Em novembro de 1923, há exatos 83 anos, aconteceu o lendário
Putsch de Munique, quando pela primeira vez Hitler tentou tomar o
poder na Alemanha. A república de Weimar assistiu pasma ao
golpe do recém-fundado Partido Nacional-Socialista, que só naquele
ano teve 35 mil novas adesões. Hitler contou com o apoio de
15 mil homens da S. A., a tropa de assalto do partido nazi. Resultado:
golpe frustrado e os líderes presos – mas o prestígio
de Hitler e de seu partido só fez aumentar.
Esse e outros episódios estão descritos na colossal
biografia de Adolf Hitler escrita por Joachim Fest, publicada primeiramente
na Alemanha, em 1973, e cuja segunda edição em português,
revisada e ilustrada, foi lançada neste ano no Brasil pela
Editora Nova Fronteira, em dois grandes volumes que somam 935 páginas.

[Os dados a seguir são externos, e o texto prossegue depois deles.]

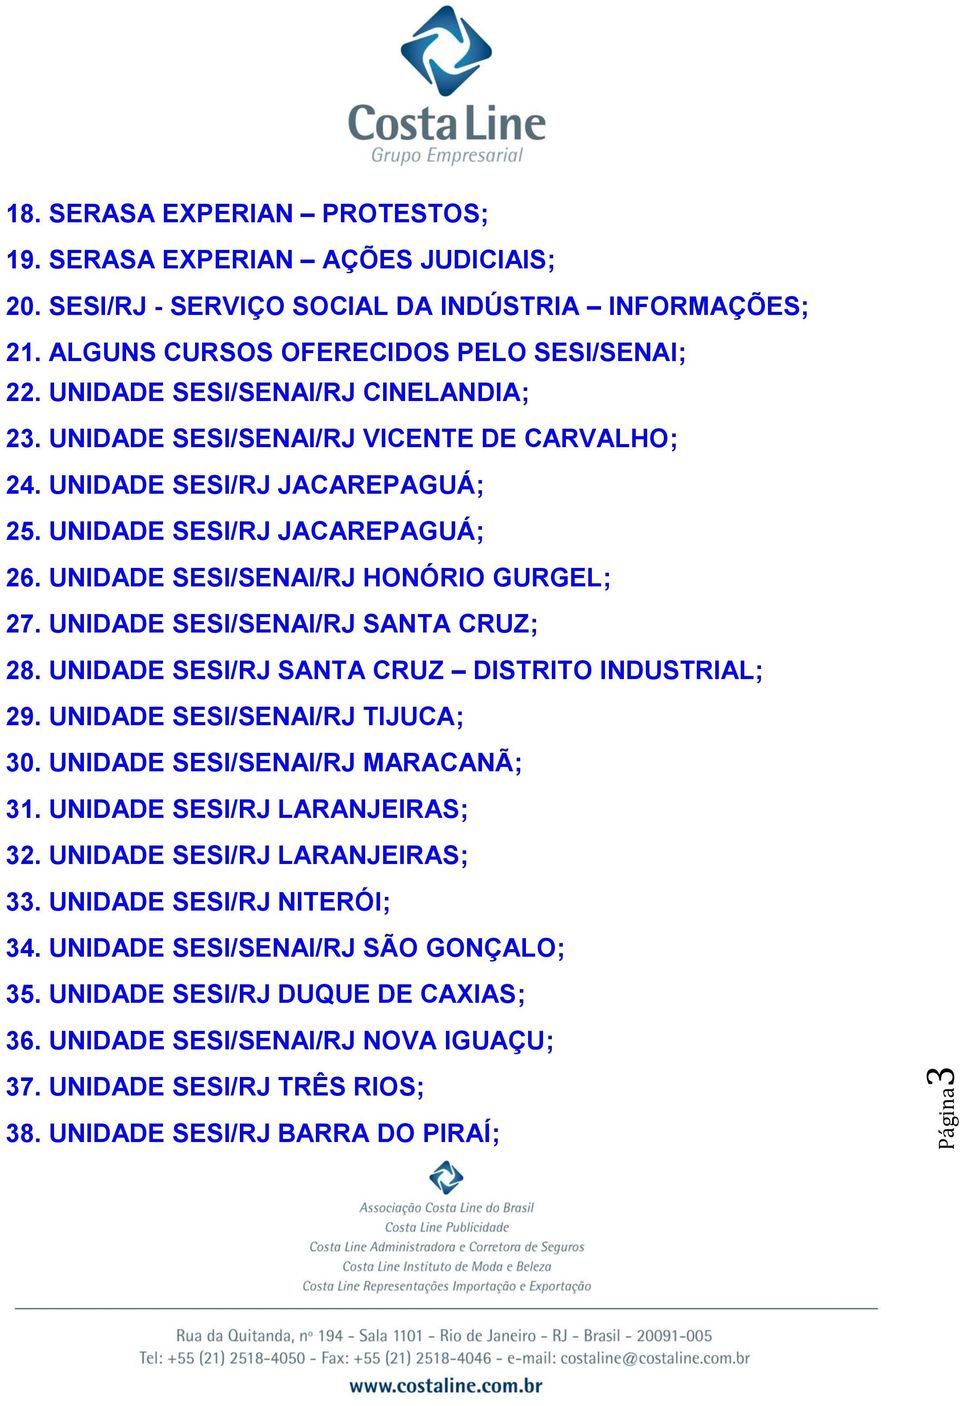 UNIDADE SESI/SENAI/RJ SANTA CRUZ; 28. UNIDADE SESI/RJ SANTA CRUZ DISTRITO INDUSTRIAL; 29. UNIDADE SESI/SENAI/RJ TIJUCA; 30. UNIDADE SESI/SENAI/RJ MARACANÃ; 31. UNIDADE SESI/RJ LARANJEIRAS; 32.

Joachim Fest, que morreu em setembro deste ano, foi um jornalista
de grande nome na Alemanha e professor honorário da Universidade
de Heidelberg. Ele mesmo chegou a lutar na 2a Guerra Mundial e acabou
como prisioneiro da França. Além de Hitler, Fest escreveu
No bunker de Hitler, livro que inspirou o filme A queda – As últimas
horas de Hitler, dirigido por Oliver Hirschbiegel.
|
Considerada uma das mais completas biografias sobre o estadista
alemão
que permaneceu no poder entre 1933 e 1945, Hitler é caracterizada
pela riqueza de detalhes pessoais e “históricos”,
que dão a sensação ao leitor de estar vendo
os acontecimentos in loco. Sobre o Putsch de 1923, escreveu Fest: “Trajado
com uma longa casaca negra, a cruz-de-ferro pregada ao peito, Hitler
tomou lugar na Mercedes vermelha comprada havia pouco. (...) Com
aquele gosto peculiar por cenas exageradas e teatrais, brandiu
um copo de cerveja e, enquanto uma pesada metralhadora era posta
em bateria ao seu lado, engoliu dramaticamente um último
gole, arremessando em seguida com estrondo o copo aos pés”.
O Putsch da cervejaria poderia ser considerado, então, um
momento essencial na vida do futuro Führer do governo alemão:
quando ele entraria definitivamente no caminho político.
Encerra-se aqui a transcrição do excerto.